Apple’s role as the primary driver of TSMC revenue growth ended five years ago. In 2018 TSMC sales would have even fallen if not for incremental purchases by Apple that year. Now, the Cupertino company is posting low single-digit revenue growth while Nvidia is skyrocketing.
The reason for this change is two-fold, and pretty obvious: AI is driving massive demand for high-powered chips, while the smartphone boom has plateaued.
TSMC’s sales from high-performance computing, which includes AI chips, climbed 48% last year on top of 58% growth the year before. Smartphone revenue climbed just 11%, slower than 23% in the prior year.2 That trend will continue this year, and for the foreseeable future.
Revenue in 2026 will rise close to 30%, yet capital expenditure will climb around 32% to a record of somewhere between $52 billion and $56 billion, TSMC said Thursday. Longer term, growth will average 25% in the five years through 2029 yet the AI segment will climb an average of 55% or more over the same period, the company said. That’s higher than a prior forecast for a mid-40 percent figure.
The ultimate flex for TSMC came Thursday when it showed off not only record revenue and net income, but a gross margin approaching that of software makers and fabless chip designers. In the December quarter, that figure was an astounding 62.3%, 280 basis points higher than the prior period. If not for its overseas fabs (Arizona and Japan) gross margin would have been even higher.

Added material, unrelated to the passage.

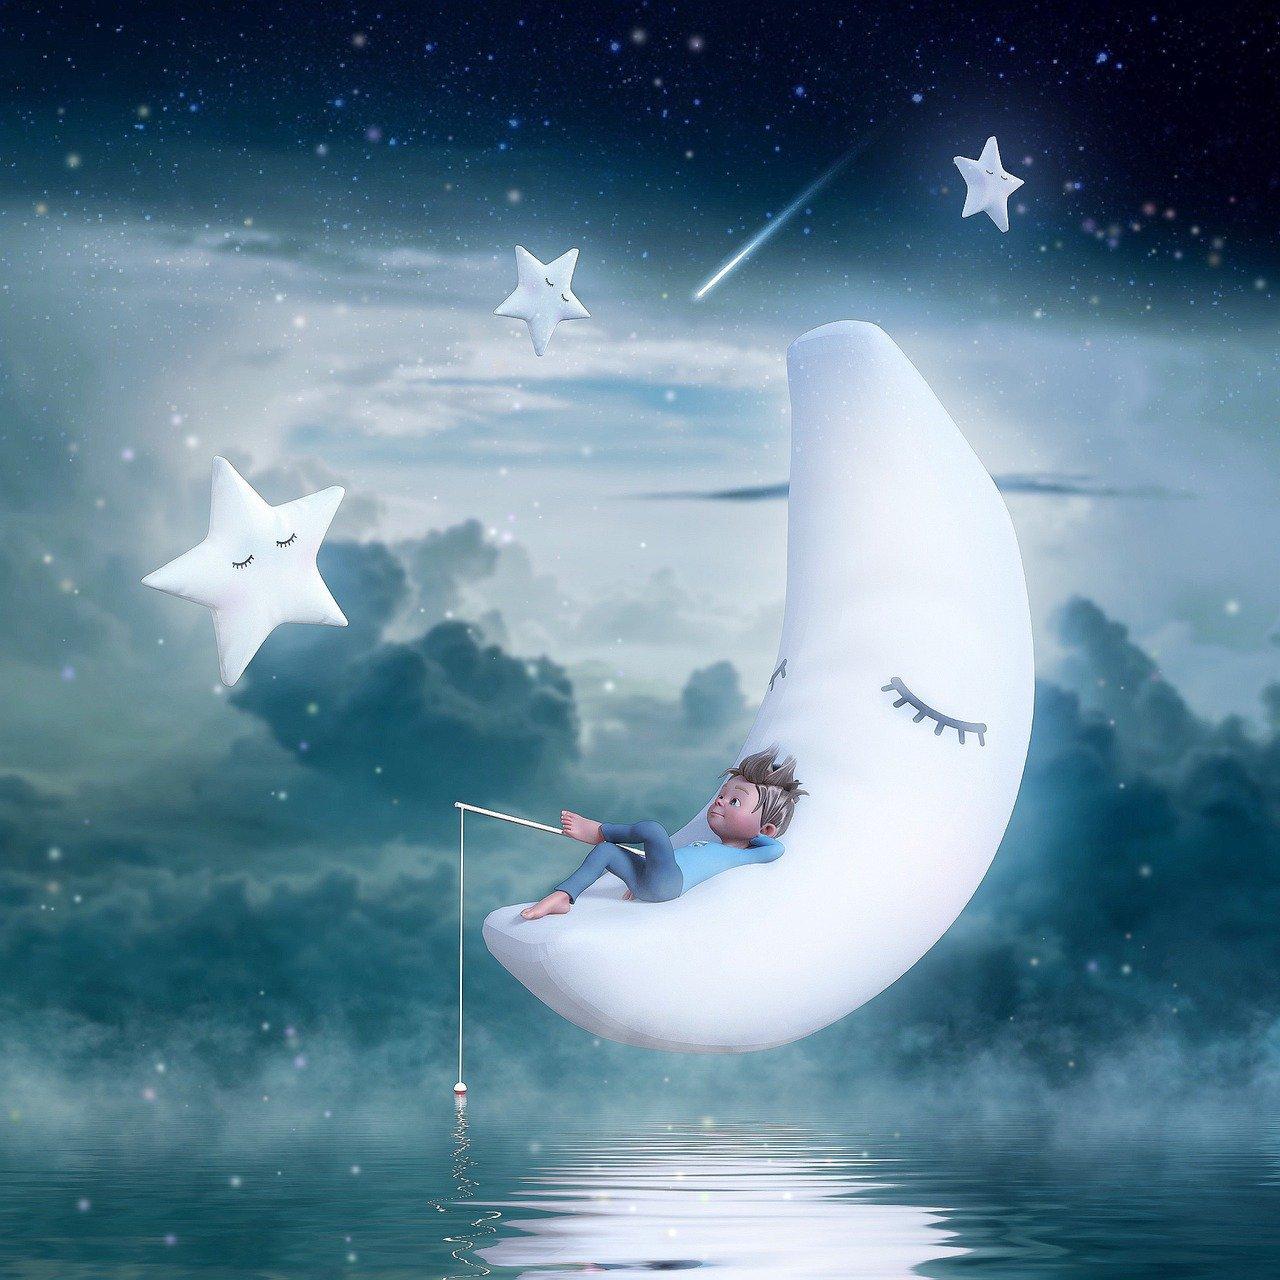 moon, star, boy-4450739.jpg

There are two caveats that are important. First, while smartphone processors are the largest portion of chips bought by Apple, they’re not the only type. Processors for Macs come under HPC, while it also has a strong lineup of custom chips used in accessories which fall under digital consumer electronics. Second, Nvidia isn’t the only HPC client. AMD is a major buyer of capacity for its own GPUs while Amazon and Google are on the growing list of customers developing in-house AI chips.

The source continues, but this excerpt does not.